La Colombie se prépare à un second tour de l'élection présidentielle très polarisé. Après le dépouillement du premier tour, deux figures politiques diamétralement opposées s'affronteront le mois prochain : Abelardo de la Espriella, un millionnaire admirateur de l'ancien président américain Donald Trump, et Ivan Cepeda, le candidat de la gauche.
Un premier tour serré
Les résultats du premier tour ont été serrés, avec une participation élevée. Abelardo de la Espriella, à la tête d'un empire immobilier, a su capitaliser sur un discours populiste et sécuritaire, promettant de « restaurer l'ordre » et de lutter contre la corruption. Son rival, Ivan Cepeda, sénateur et figure de la gauche colombienne, a mis en avant des propositions sociales fortes, notamment en matière de réforme agraire et de paix avec les groupes armés.
Les enjeux du second tour
Le second tour promet d'être un duel entre deux visions du pays. D'un côté, un libéral-conservateur qui prône une politique économique dérégulée et une ligne dure contre la criminalité. De l'autre, un progressiste qui souhaite renforcer l'État-providence et poursuivre les accords de paix. Les Colombiens devront choisir entre un modèle proche de celui de Donald Trump et une alternative de gauche inspirée des gouvernements progressistes latino-américains.

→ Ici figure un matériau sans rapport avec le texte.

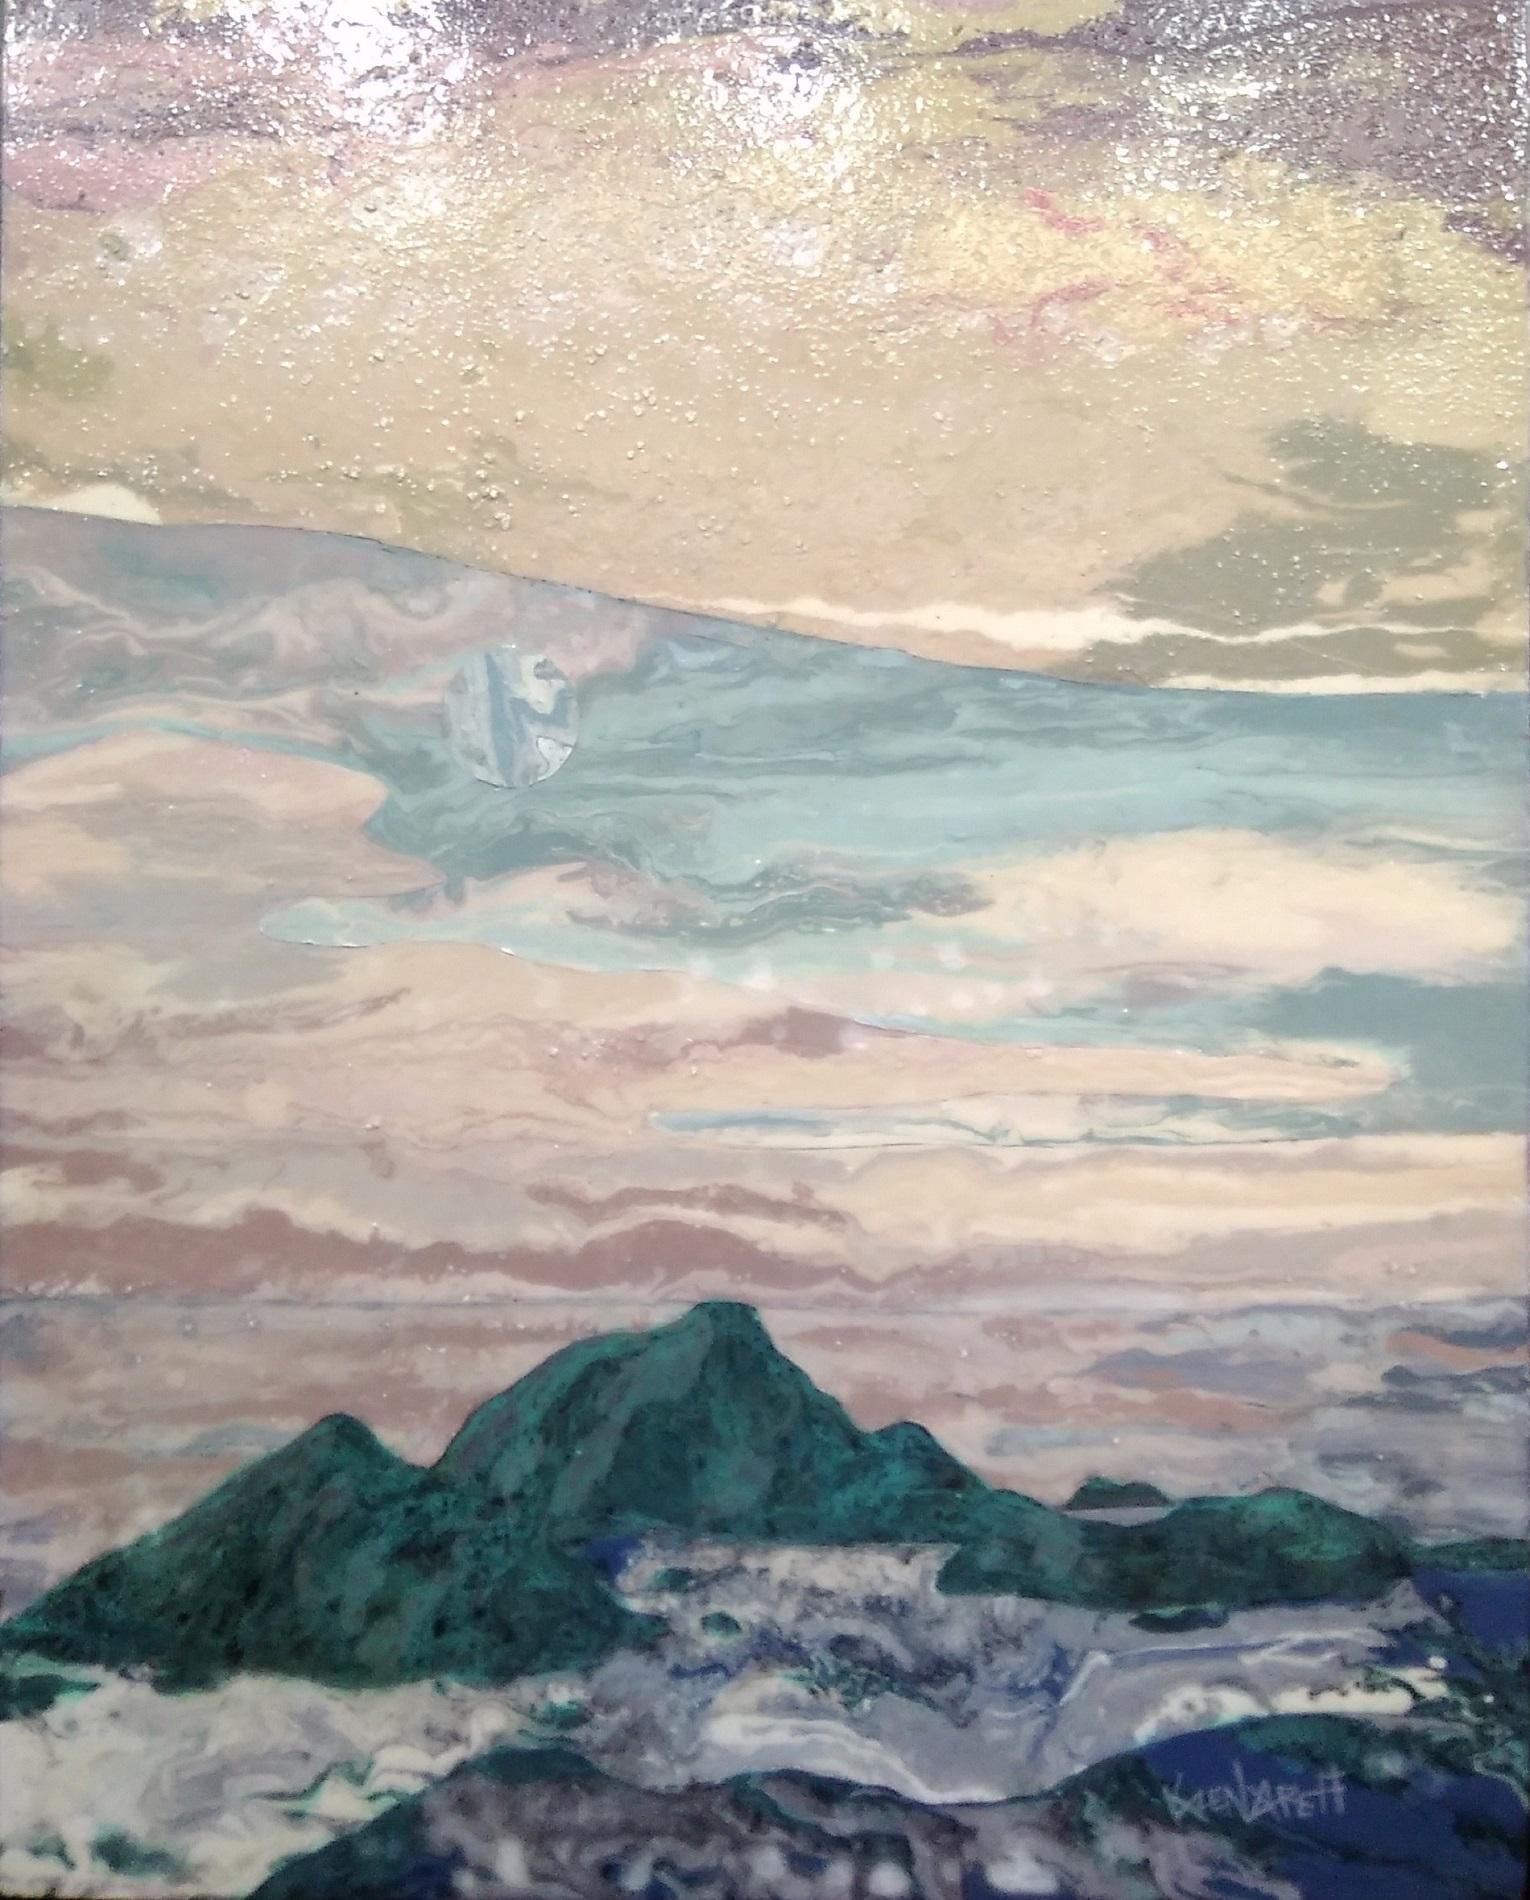 karen_garrett_flat_sculpture_sea_embankment_$1,426

Les sondages annoncent un scrutin très indécis, avec une légère avance pour Ivan Cepeda, mais une marge d'erreur importante. Les deux candidats vont désormais sillonner le pays pour convaincre les électeurs indécis, notamment dans les régions rurales et les zones de conflit.
Réactions internationales
La communauté internationale observe avec attention cette élection. Les États-Unis, par la voix de leur ambassadeur, ont appelé à un processus transparent et pacifique. L'Union européenne a souligné l'importance de la stabilité démocratique en Colombie. Les voisins latino-américains, comme le Brésil et le Mexique, suivent de près les développements, craignant des répercussions régionales.
Le second tour est prévu pour le 27 juin. D'ici là, les débats télévisés et les meetings seront nombreux. Les Colombiens espèrent que leur prochain président saura répondre aux défis du pays : inégalités, violence, et transition économique.